Storage Module Overview

The Store module provides unified access and management for persistent storage. It covers key-value stores, structured data formats, and large-scale storage backends.

The goal of this directory is to help developers and operators understand which storage options are available, their intended use cases, and how to approach them in production. Reading these documents will give you guidance on selecting storage for large datasets, analytical workloads, or operationally manageable KV storage.


Directory Structure and Purpose

CategoryContentsPurpose / Problem Solved
Key-Value Stores (KV)LevelDB, LMDB, RocksDBPersistent key-value storage. Helps handle high-throughput storage of structured data with operational guidance on backups, snapshots, and key design.
Data FormatsParquet, Arrow, Avro, HDF5, NPY, OCR, SubstraitFormats for structured and semi-structured data. Useful for batch processing, analytics pipelines, or domain-specific data storage.
Cloud Storage & Distributed BackendsAWS, Azure, GCS, HDFSGuidance on integrating with large-scale storage backends.

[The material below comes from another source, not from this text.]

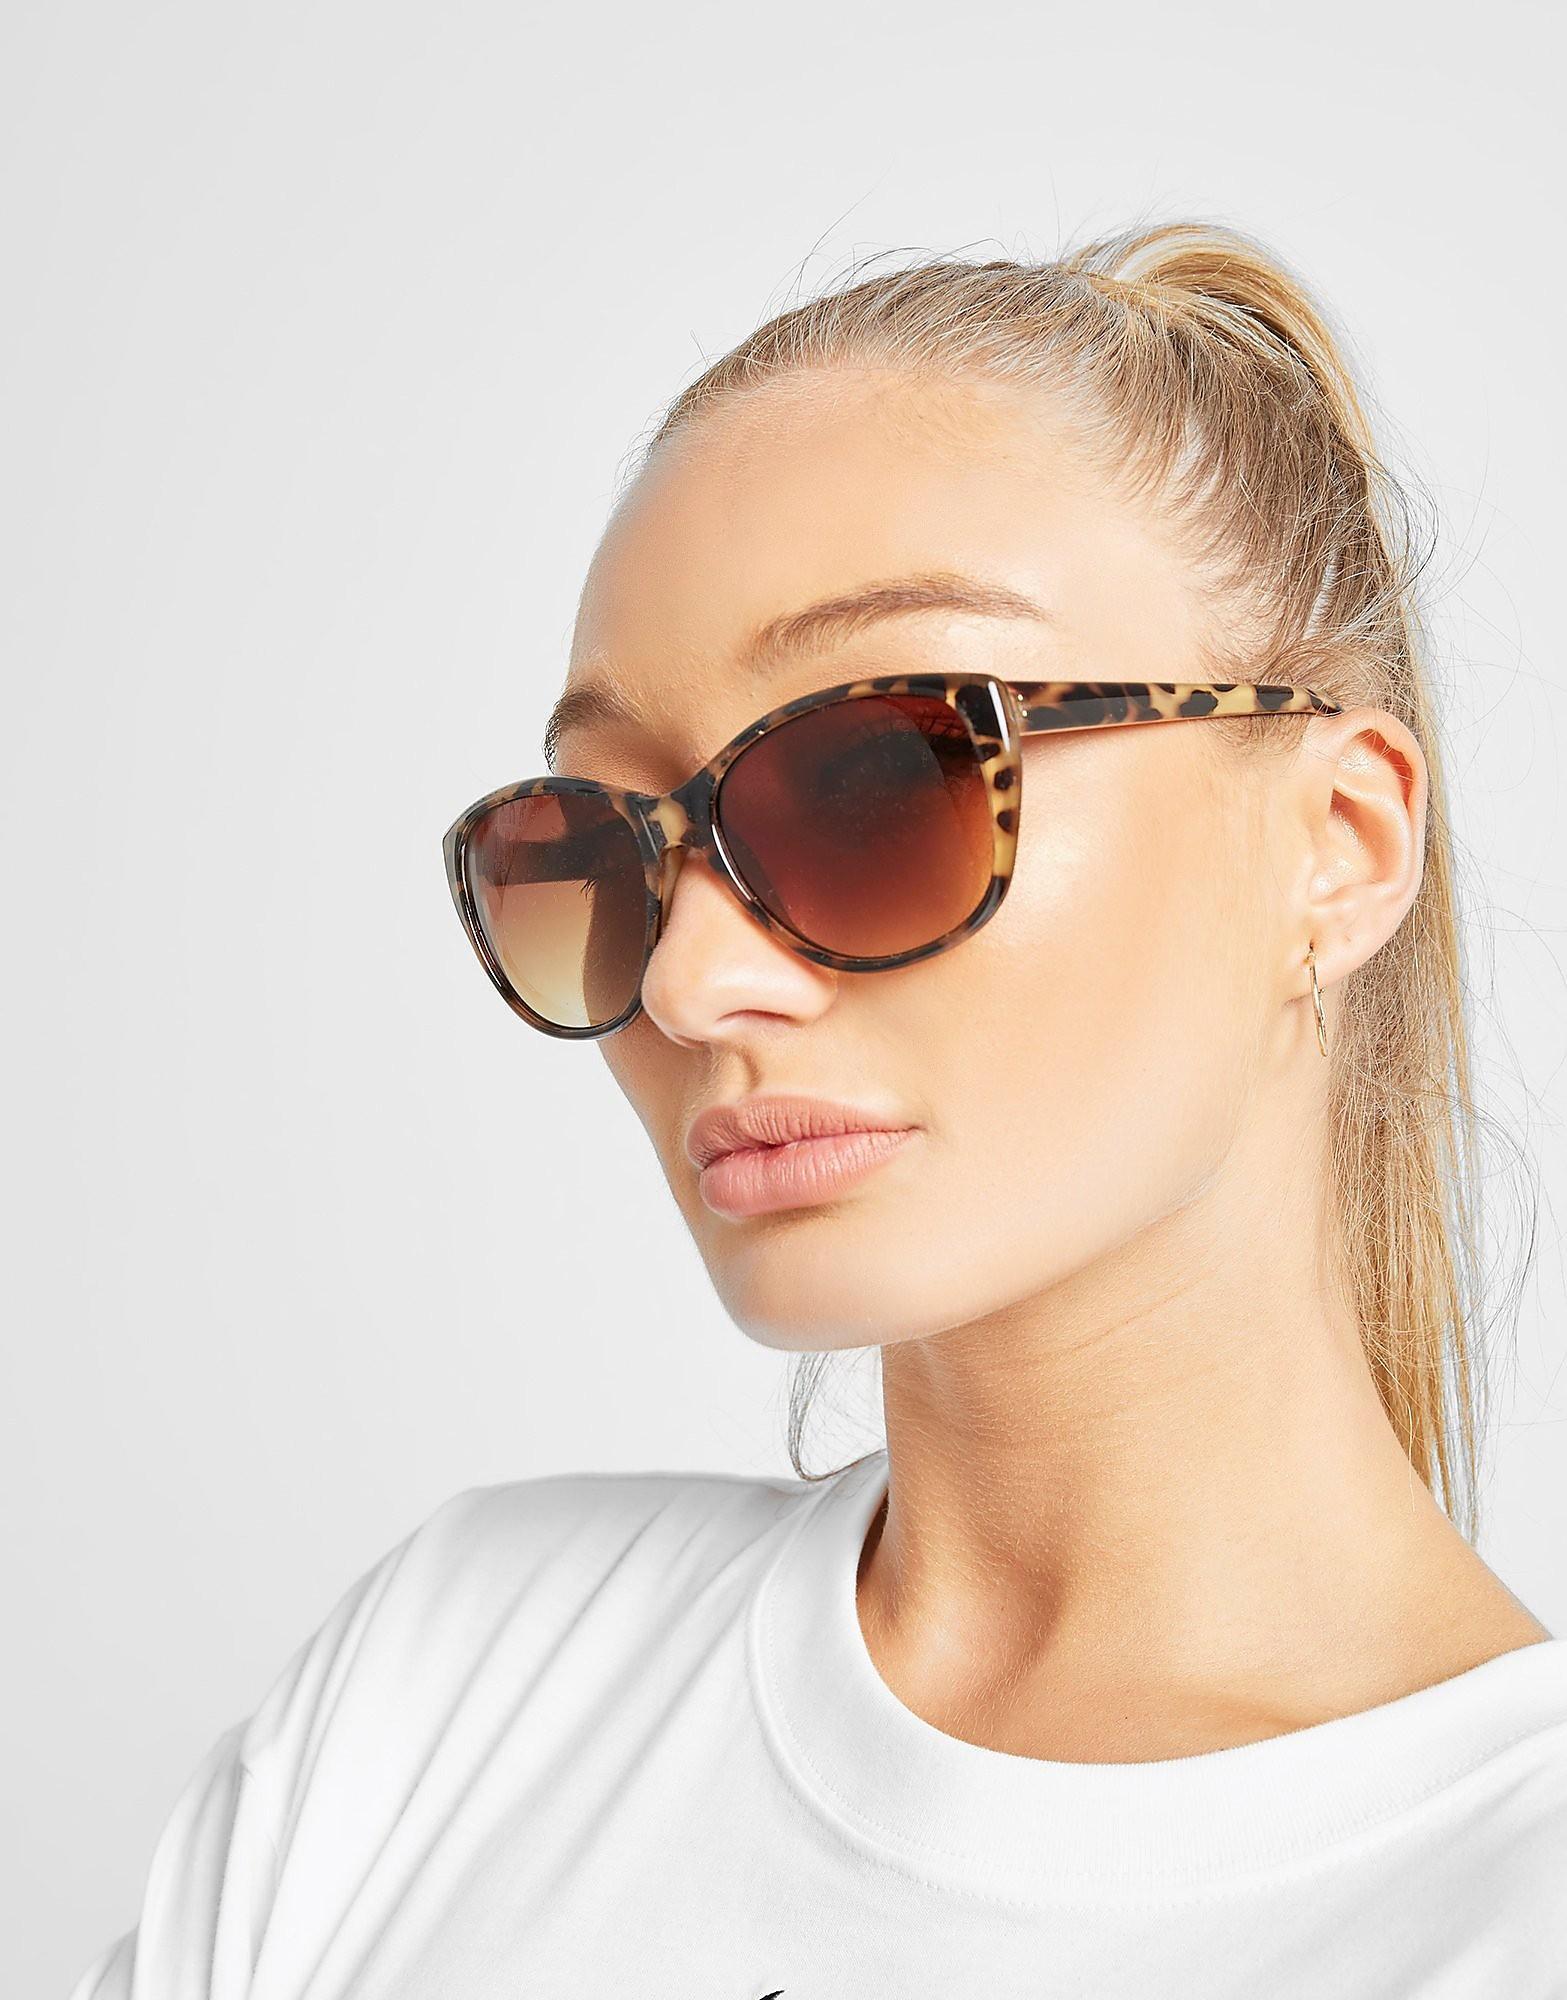 Brookhaven Louise Sonnenbrille in Schmetterlingsform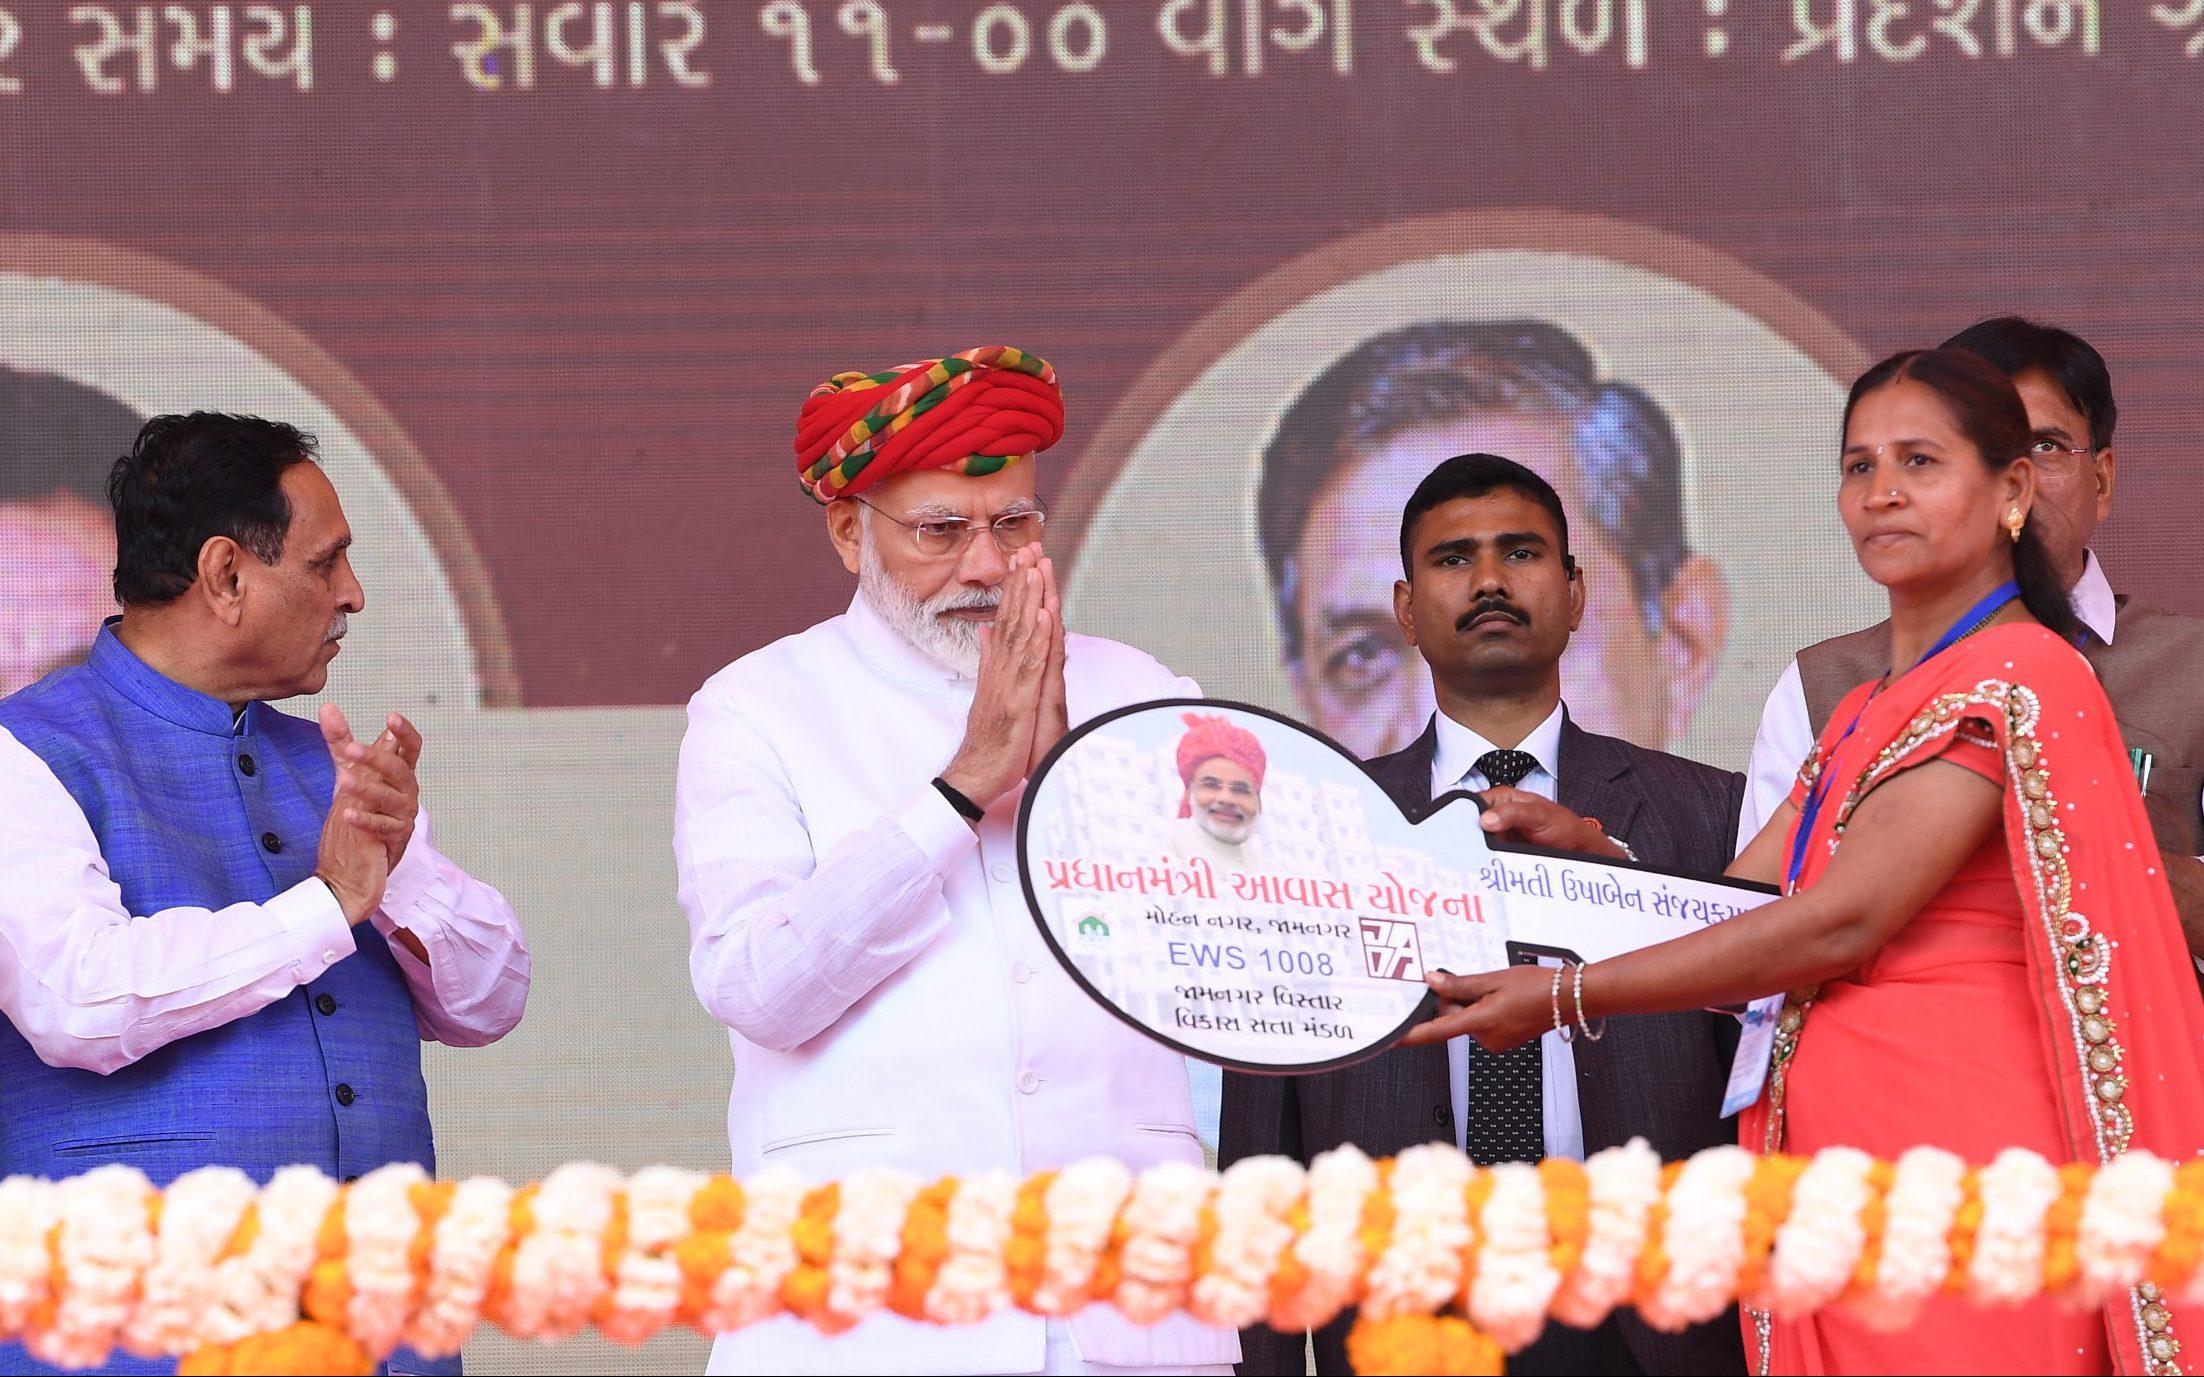 The Prime Minister, Shri Narendra Modi arrives at Jamnagar, Gujarat on March 04, 2019.

Focuses on operational integration rather than recommending one service over another.

What Problems Reading This Directory Solves

  1. Understanding Storage Options:
  • Which KV stores are suitable for different data sizes and operational requirements.
  • Which data formats are used for batch vs. in-memory analytics.
  • Awareness of distributed storage backends and their integration points.
  1. Operational Awareness:
  • Basic strategies for backup and snapshots in KV stores.
  • Guidance on key design patterns for efficient data access.
  • Understanding trade-offs between single-file and multi-file storage.
  1. Preparation for Large-Scale Workloads:
  • Provides knowledge needed to make storage decisions for production systems.
  • Helps operators anticipate performance, throughput, and reliability concerns.
  • Enables developers to structure applications for maintainable storage usage.

Conclusion:

This directory consolidates core storage knowledge for both developers and operators. It does not prescribe specific implementations; instead, it focuses on how storage is organized, why each type exists, and what problems it addresses. Users can then explore individual submodules for more in-depth guidance and operational advice.